**EXERCISE DETAILS**
Every line from the one with "A single 19th" to the one with "ELIZABETH MASON COUTURE", including those two, is to be copied exactly; all other lines of the entries below are left out.

**ENTRIES PROVIDED**
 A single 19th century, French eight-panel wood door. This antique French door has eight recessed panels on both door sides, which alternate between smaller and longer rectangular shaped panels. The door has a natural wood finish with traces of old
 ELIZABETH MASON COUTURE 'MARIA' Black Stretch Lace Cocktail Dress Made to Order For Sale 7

---

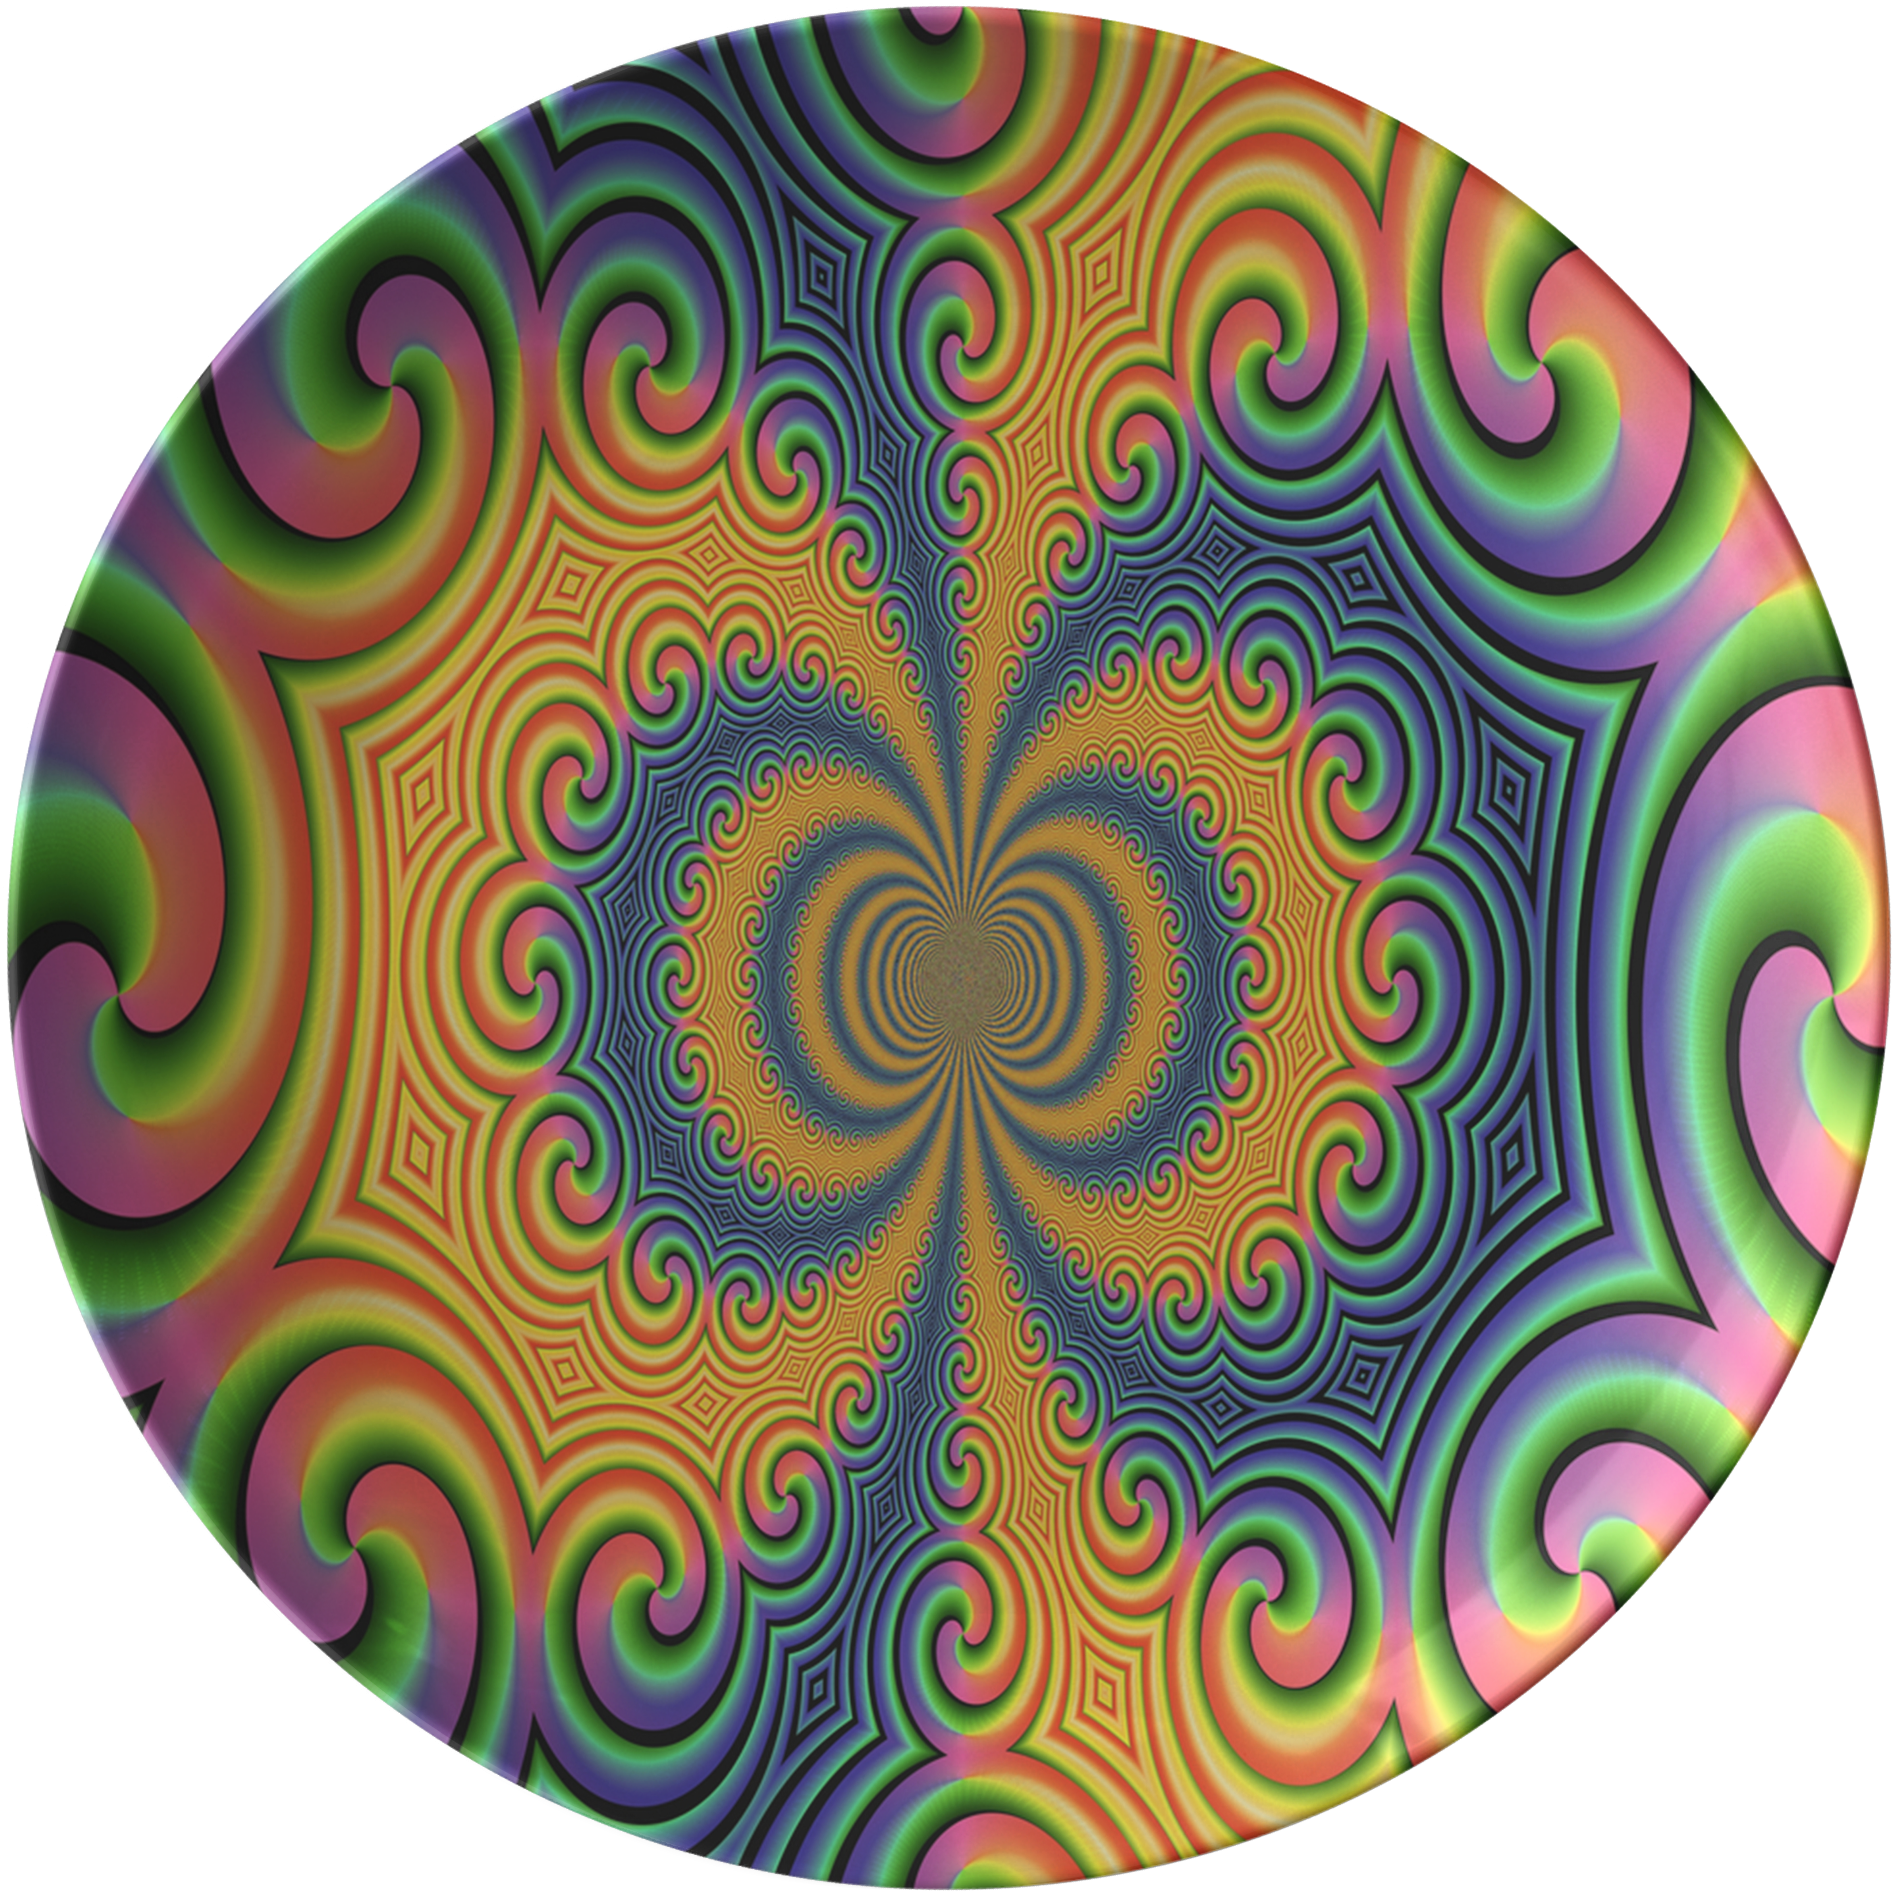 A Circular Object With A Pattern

--

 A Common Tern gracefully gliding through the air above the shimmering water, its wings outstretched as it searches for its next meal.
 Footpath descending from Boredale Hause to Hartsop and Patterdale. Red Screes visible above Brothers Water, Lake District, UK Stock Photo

**RESPONSE BELOW**
 A single 19th century, French eight-panel wood door. This antique French door has eight recessed panels on both door sides, which alternate between smaller and longer rectangular shaped panels. The door has a natural wood finish with traces of old
 ELIZABETH MASON COUTURE 'MARIA' Black Stretch Lace Cocktail Dress Made to Order For Sale 7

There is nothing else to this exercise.